Silver Birch, Coppice Hill
So ended the (N + 3)th Chip Walk. Who knows what the future holds, but maybe 2014 will be a year of two Chip Walks. We will find out in December.

Saturday, 4 January 2014

Reeth, the Arkle Beck and the River Swale

A New Year Visit to God's Own County

North Yorkshire

Some places make you feel better just for being there. Everybody has a personal list, but mine includes the Mekong Delta, the Backwaters of Kerala, Corsica, the Algarve and the Yorkshire Dales.

Like everywhere else, these places look their best in the sunshine. We arrived in the Dales on Wednesday, a midwinter day when the rain had been continuous and daylight hardly bothered to put in an appearance.

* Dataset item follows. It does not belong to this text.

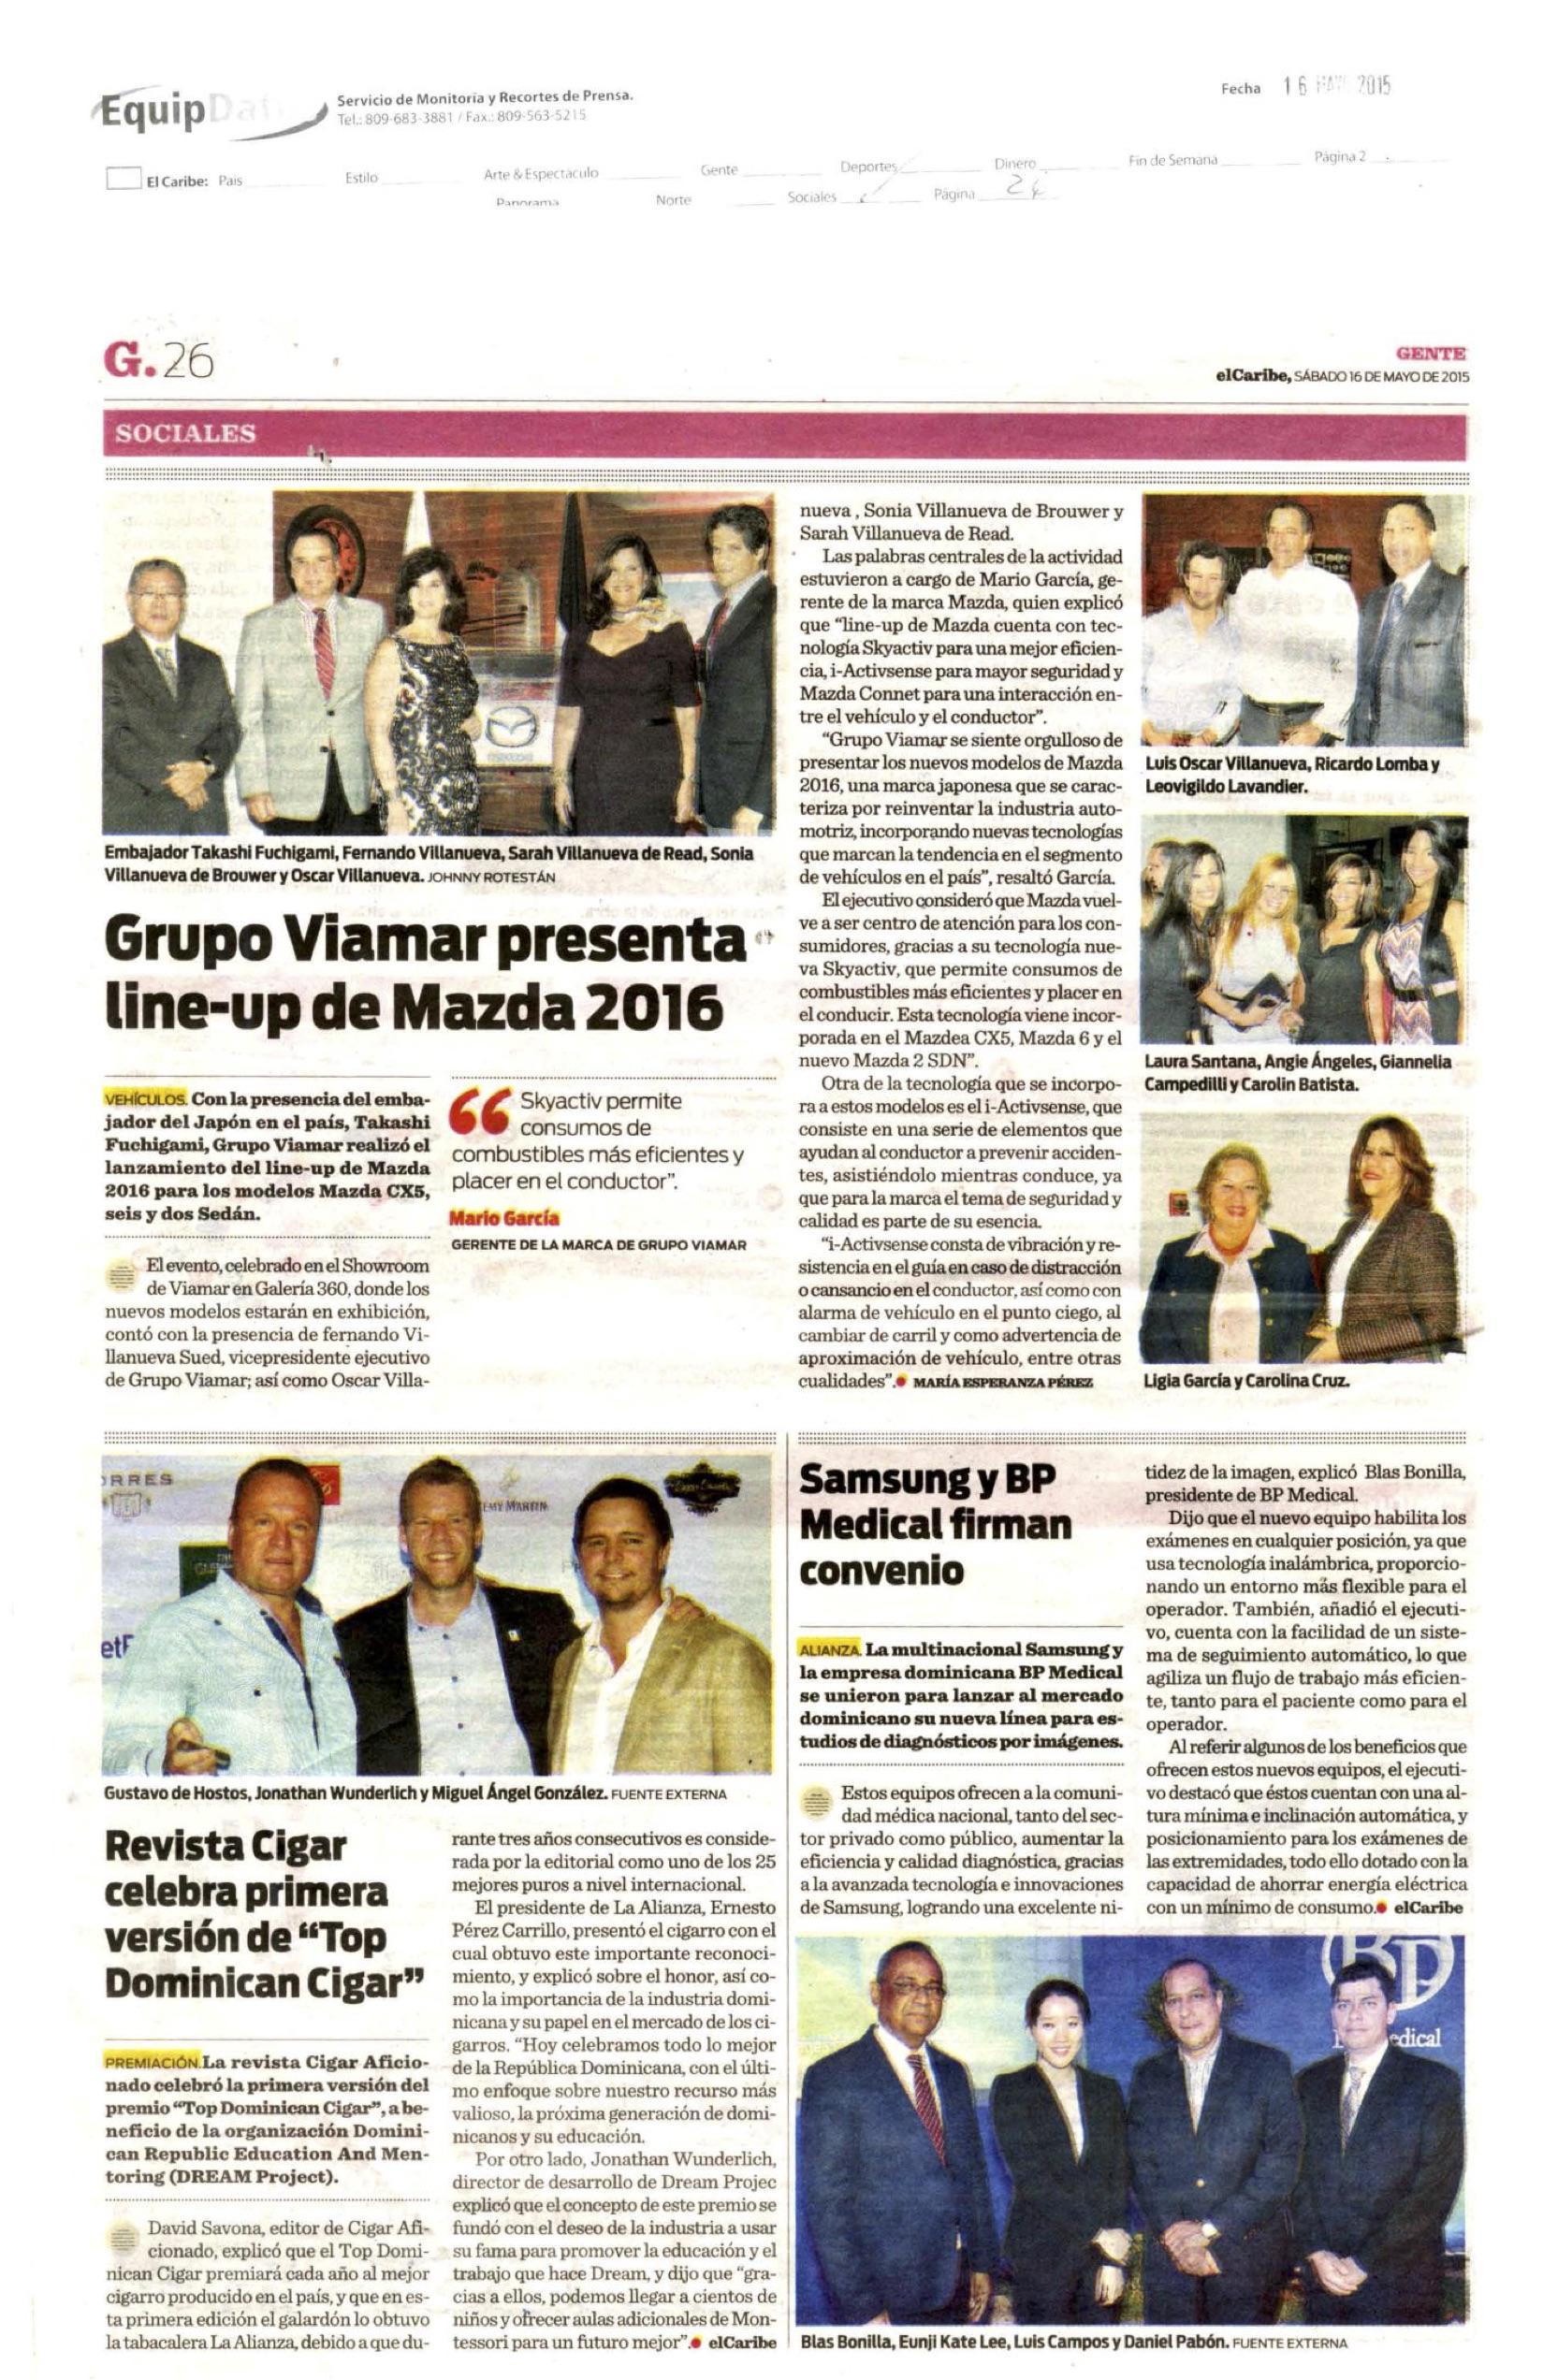 Revista-Cigar-celebra-primera-versión-de-Top-Dominican-Cigar-150516-EC-26-Sociales.jpg

Reeth is the main centre of population of Upper Swaledale. It has 750 permanent residents, but seemed much busier this week as the village’s plentiful supply of holiday cottages were doing good business. Presumably, it will be even busier in the summer, but the next few weeks may be quiet indeed.

Francis had rented Fellsman Cottage and we joined him there along with Trevor and Mike and Alison. The cottage is a mid 20th century link built between two older buildings, but we only knew that because it does not exist in the 1920s photograph on the cottage wall. It looks tiny, but so does the TARDIS, and it accommodated 6 adults in reasonable comfort.

Fellsman Cottage, Reeth

Like many Dales villages Reeth is built round a large village green, which would make it difficult to photograph even if the green was not a sloping plateau and the roofs of the houses on our side were level with the basements on the other.

Reeth Village Green

01/01/2014

New year Fireworks

A firework display filled the green on Wednesday evening. The rest of the world had set off fireworks the previous night to welcome the New Year but Reeth preferred an early evening show on the 1st. They do things differently in Yorkshire. I had watched them setting up in the afternoon drizzle and feared the event could be, literally, a damp squib, but when the time came the rain eased and we joined the rest of the village, visitors and residents, to watch half an hour of loud and colourful pyrotechnics.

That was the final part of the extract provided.